Monday’s news that Novo Nordisk‘s diabetes medication helped obese patients scuttle between 5% and 6% of their weight over 56 weeks hasn’t helped the company’s reputation on Wall Street, reported Reuters, which cited the company’s failure to get the FDA to approve Tresiba in February as one of the reasons. The near-miss approval is a notable one: in its 2012 annual report, the company called out the GLP-1 as one of the key products driving projected sales growth of 8-10% for 2013. The anticipated Tresiba approval also spurred the company to up its sales and distribution spend by 13%, to $4 billion, while it revved up its sales force to support the drug’s market introduction. Bloomberg noted Tuesday that JP Morgan told investors that the company is stumbling, and cut its stock recommendations from neutral to underweight. “Novo’s recent share price rally suggests investors remain in denial that Novo’s fundamentals have deteriorated,” JP Morgan analyst Richard Vosser told Bloomberg. Diabetes products, which include human an analog insulins as well as GLP-1s like Victoza and Tresiba, account for about 80% of Novo’s sales. The company puts its share of the global diabetes market at 26%.

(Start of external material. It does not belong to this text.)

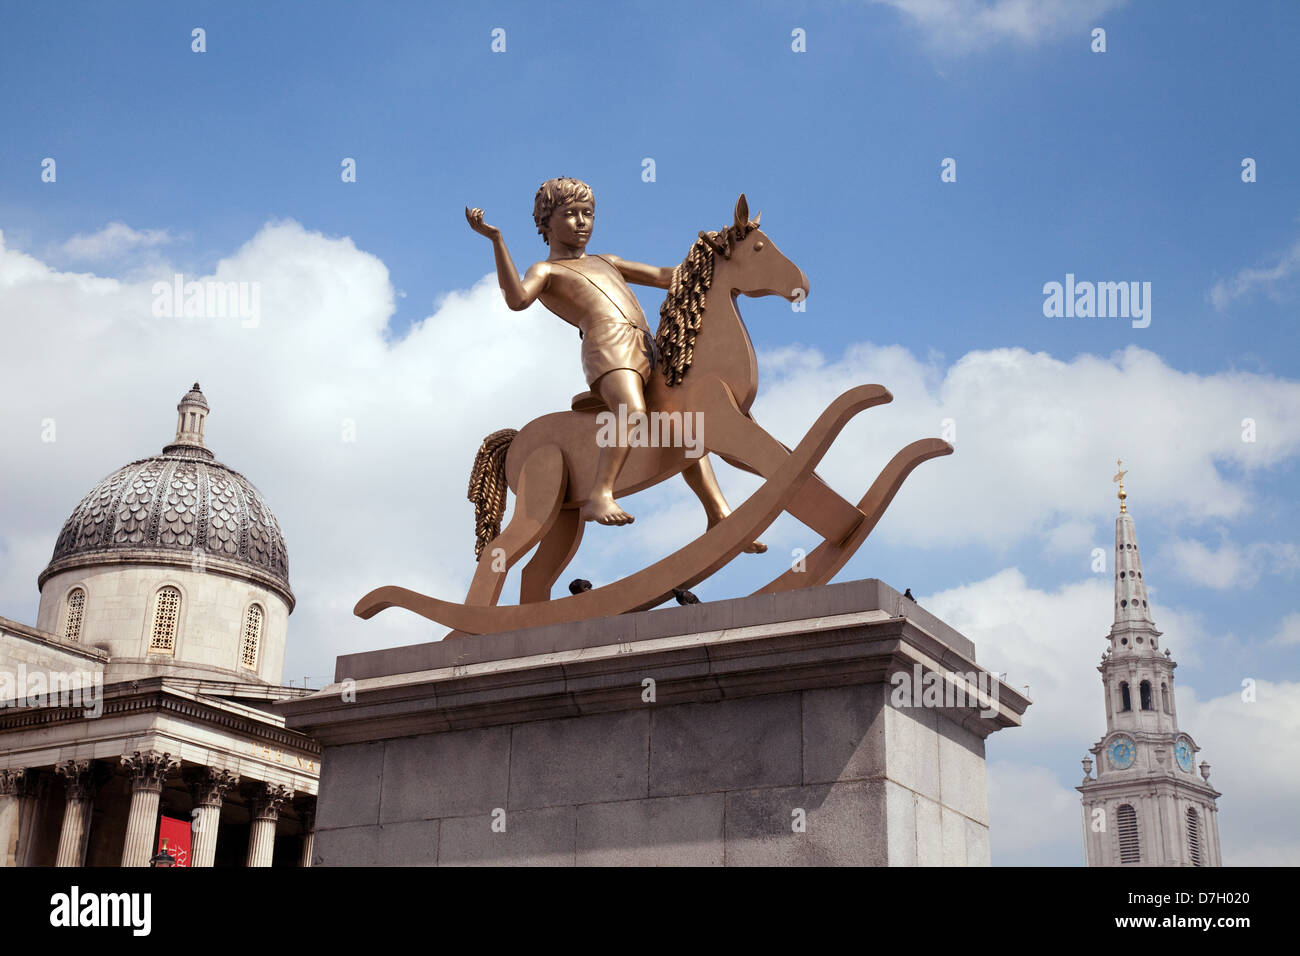 Impotenti strutture - una statua di bronzo di un ragazzino su un cavallo a dondolo, sul quarto plinto, Trafalgar Square Londra Regno Unito 2013 Foto Stock

Almost a week after the FDA took to the NEJM‘s pages to talk about uncoupling the cognitive and functional improvement requirements for Alzheimer’s Disease therapies, the Alzheimer’s Association released a study finding that a third of seniors die with Alzheimer’s or another form of dementia. The Association’s report notes that Alzheimer’s-related deaths are on the rise even as death rates from other major killers fall, up 68% between 2000 and 2010. The dismal data comes as TransTech Pharma celebrates an FDA fast track designation for its experimental Alzheimer’s therapy TTP488 — one of several that help the regulator speed approvals. TransTech’s approach targets interactions between amyloid beta, which is found in Alzheimer’s patients, and an immunoglobulin family of molecules.

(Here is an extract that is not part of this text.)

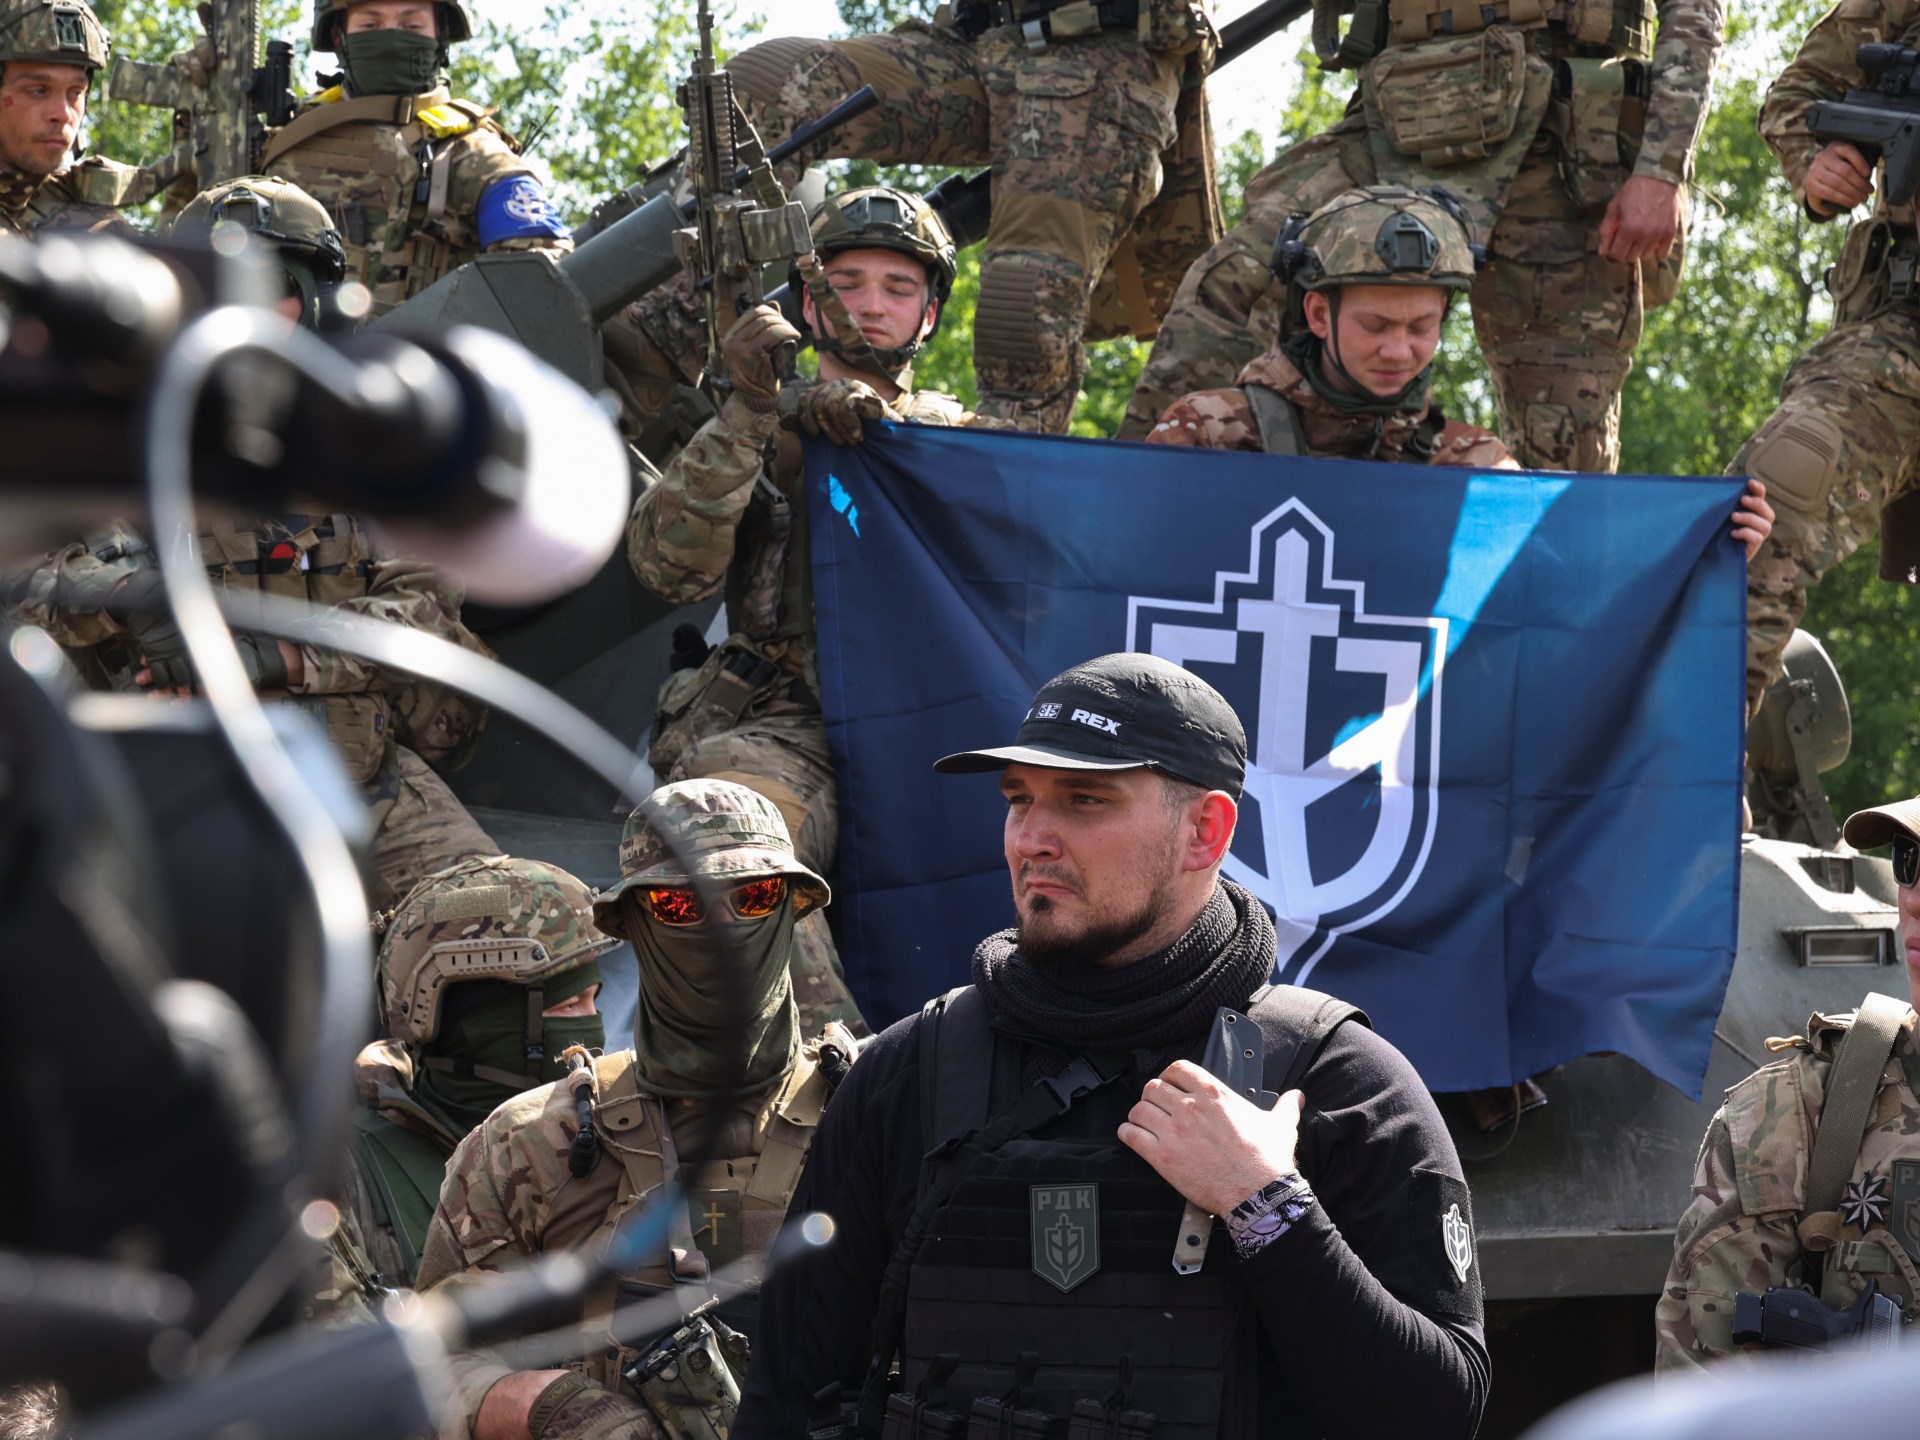 proukraińscy bojownicy atakują południową Rosję;  Oferta handlu jeńcami wojennymi |  Wiadomości o wojnie między Rosją a Ukrainą

Even as FDA commissioner Peggy Hamburg frets that sequester cuts will slow approvals, the Government Accountability Office is encouraging the regulator to do a bit more when it comes to dietary supplement oversight. The GAO noted that the FDA has improved monitoring, but said in a report that the agency could do more — for example, by tapping into poison center data and implementing a systematic collection of adverse event reports. GAO said the latter could help FDA “assess whether AERs are being used to their fullest extent.” GAO also recommended the FDA make potential safety concerns public – something it is not required to do – in the interest of consumer awareness of the impact supplements may have on health.

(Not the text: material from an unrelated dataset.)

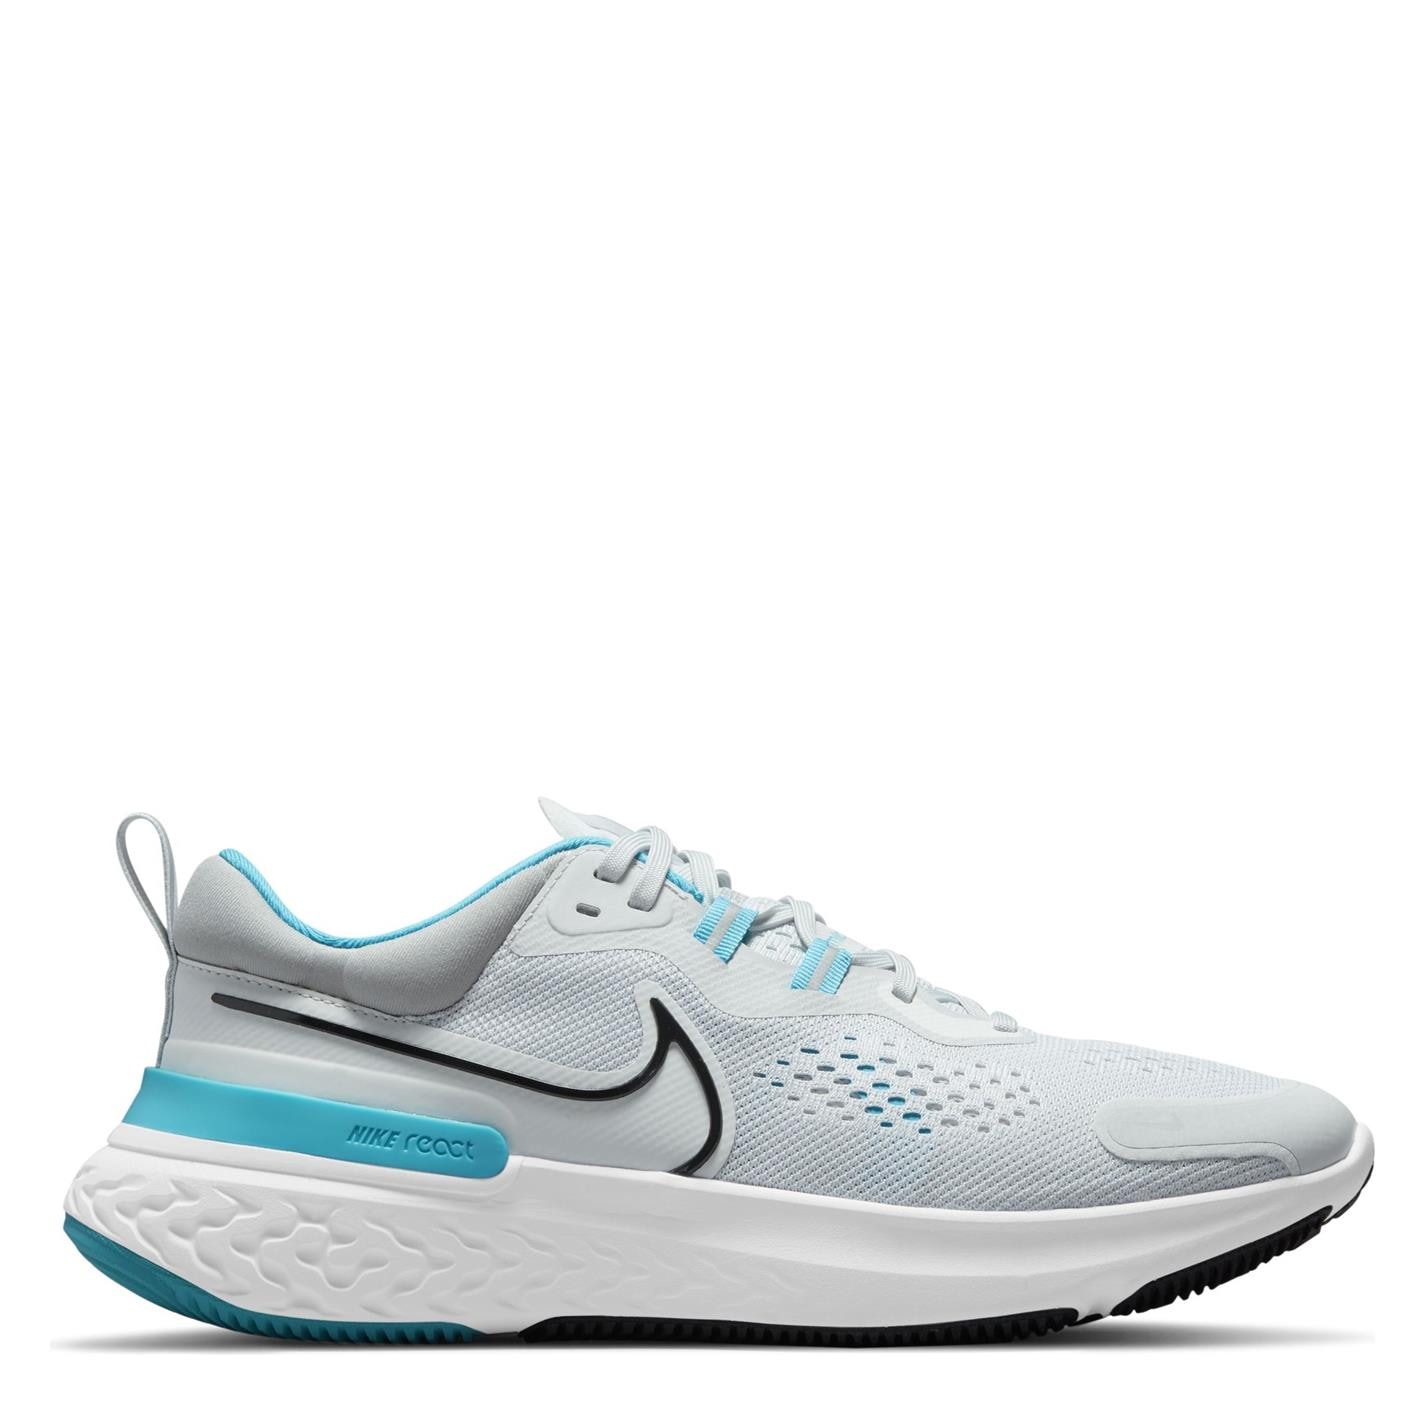 Adidasi alergare Nike React Miler 2 pentru Barbati alb albastru

Biologics were major earners last year, according to Genetic Engineering & Biotechnology News, which reported that eight of last year’s top-selling drugs were biologics, including: Amgen’s Neulasta ($4 billion); Roche’s Avastin ($6 billion); Roche’s Herceptin ($6 billion); Sanofi’s Lantus ($7 billion); Roche’s Rituxan ($7 billion); Amgen/Pfizer’s Enbrel ($8 billion); J&J/Merck’s Remicaid ($8 billion); and Abbott/Abbvie’s Humira ($9 billion).